|dc.description.abstract||A double burden of non-communicable -and communicable diseases exists in South Africa which include high prevalence of cardiovascular disease (CVD) and human immunodeficiency virus (HIV) infection. Coronary heart disease (CHD), a sub-category of CVD, affects more African-American individuals than white individuals. The high prevalence of CVD and HIV decreases the quality of life for those living with HIV. However, being treated with antiretroviral drugs are known to increase the life expectancy for the HIV-infected population. Those living with HIV presented with higher prevalence of arterial stiffness, atherosclerosis, kidney disease and left ventricular hypertrophy (LVH). Despite the advantages of antiretroviral therapy (ART) use, it was shown to have worsen CVD risk for the HIV-infected population. The need for risk assessment in the African HIV-infected population burdened by both coronary heart disease (CHD) and CVD are important.
The aim of this study was to determine the risk scores of 10-year CHD and CVD by making use of the Framingham -and Reynolds risk score models, respectively, and to determine associations of the risk score models with measures of end-organ damage.
This study is embedded in the South African arm of the Prospective Urban and Rural Epidemiological (PURE) study and included African participants from the North-West Province of South Africa who were infected with HIV for at least 10-years. The PURE-South African study consisted of baseline (2005) and follow-up (2015) data. A number of 2010 individuals participated in the PURE study during baseline, where 322 participants were newly identified as being infected with HIV. Ten years later 100 of the 322 HIV-infected participants took part in the follow-up study of which 29 participants were excluded due to incomplete data sets. A number of 71 HIV-infected participants remained and they were matched to 71 HIV-free controls according to age, sex and locality.

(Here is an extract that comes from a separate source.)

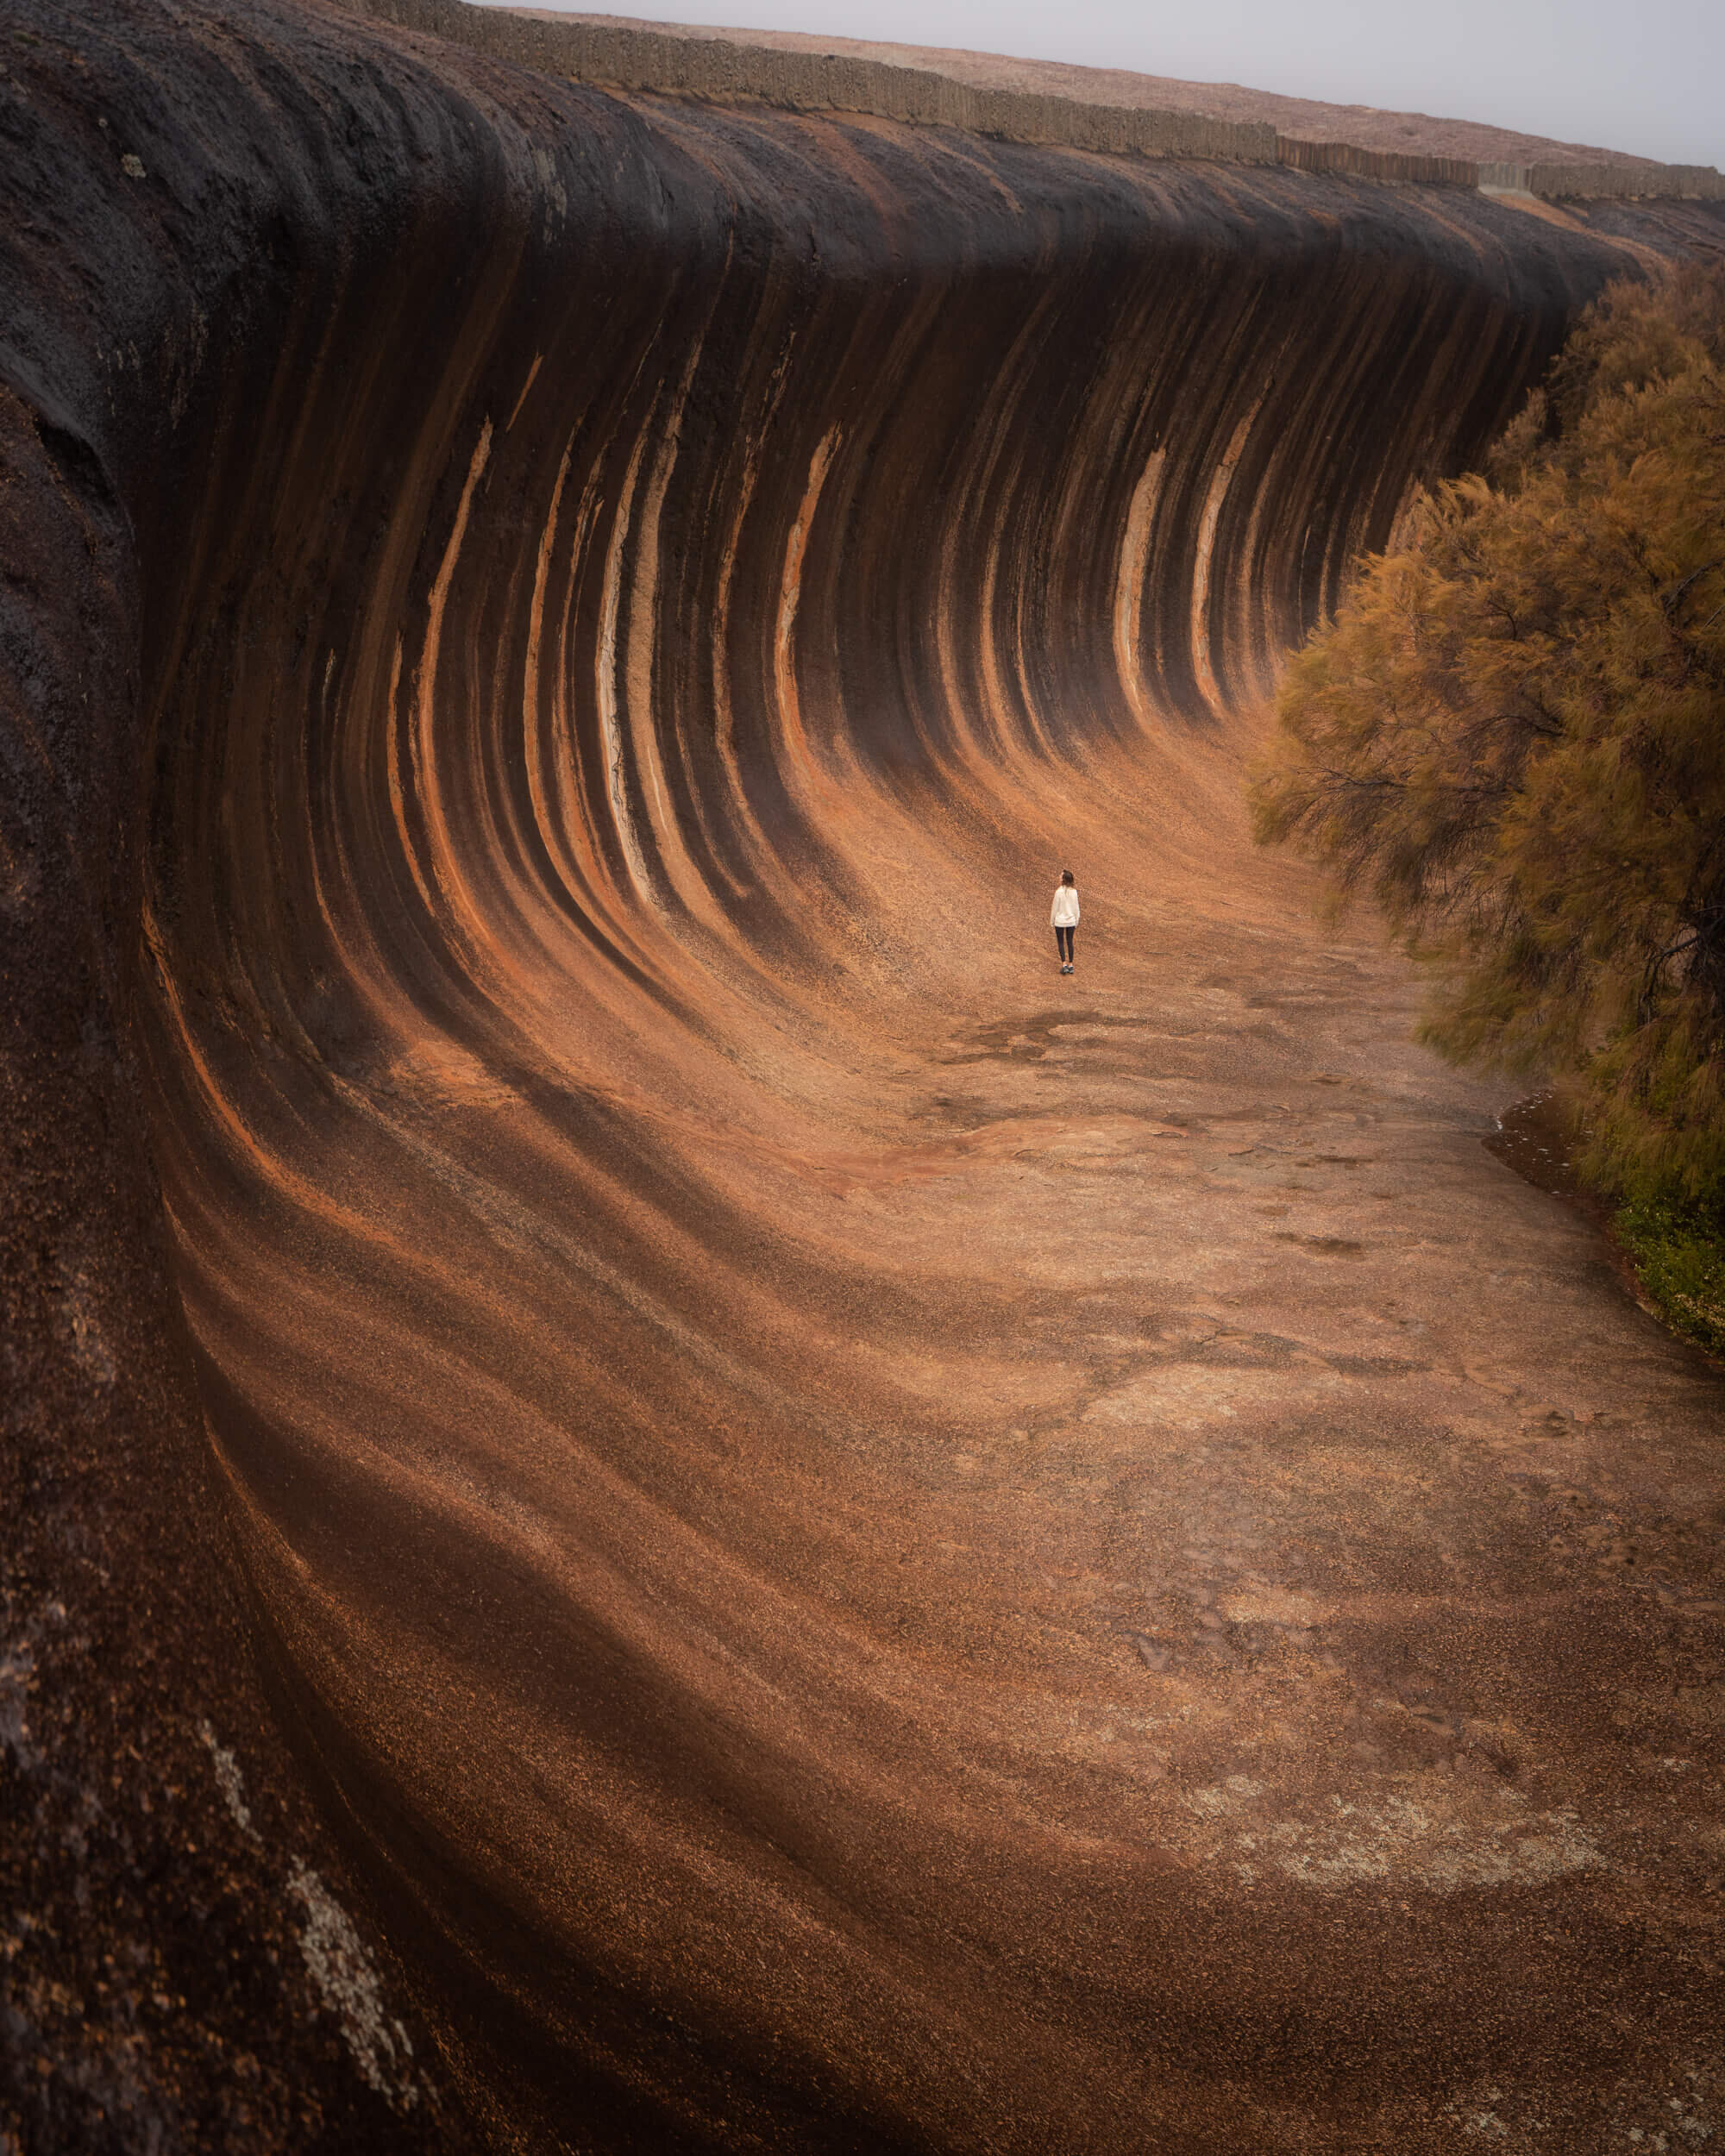 The Wave in Australia’s outback.

Anthropometric measurements included height, weight and waist circumference (WC), followed by the calculation of body mass index (BMI). Regarding cardiovascular measurements, systolic and diastolic blood pressure (SBP and DBP), carotid-femoral pulse wave velocity (cfPWV), only for follow-up, and intima-media thickness (IMT) were determined. Biochemical variables included total cholesterol (TC), high and low-density lipoprotein cholesterol (HDL-C and LDL-C), triglycerides (TG), glycosylated haemoglobin A1c (HbA1c), C-reactive protein (CRP) and HIV status. Creatinine clearance (CrCl) was calculated with the Cockcroft-Gault formula. The CD4 counts were determined, in whole blood, at baseline by the National Health Laboratory using flow cytometric analysis and at follow-up with finger-prick blood and a point-of-care device PIMATM CD4 (Alere, Jena, Germany).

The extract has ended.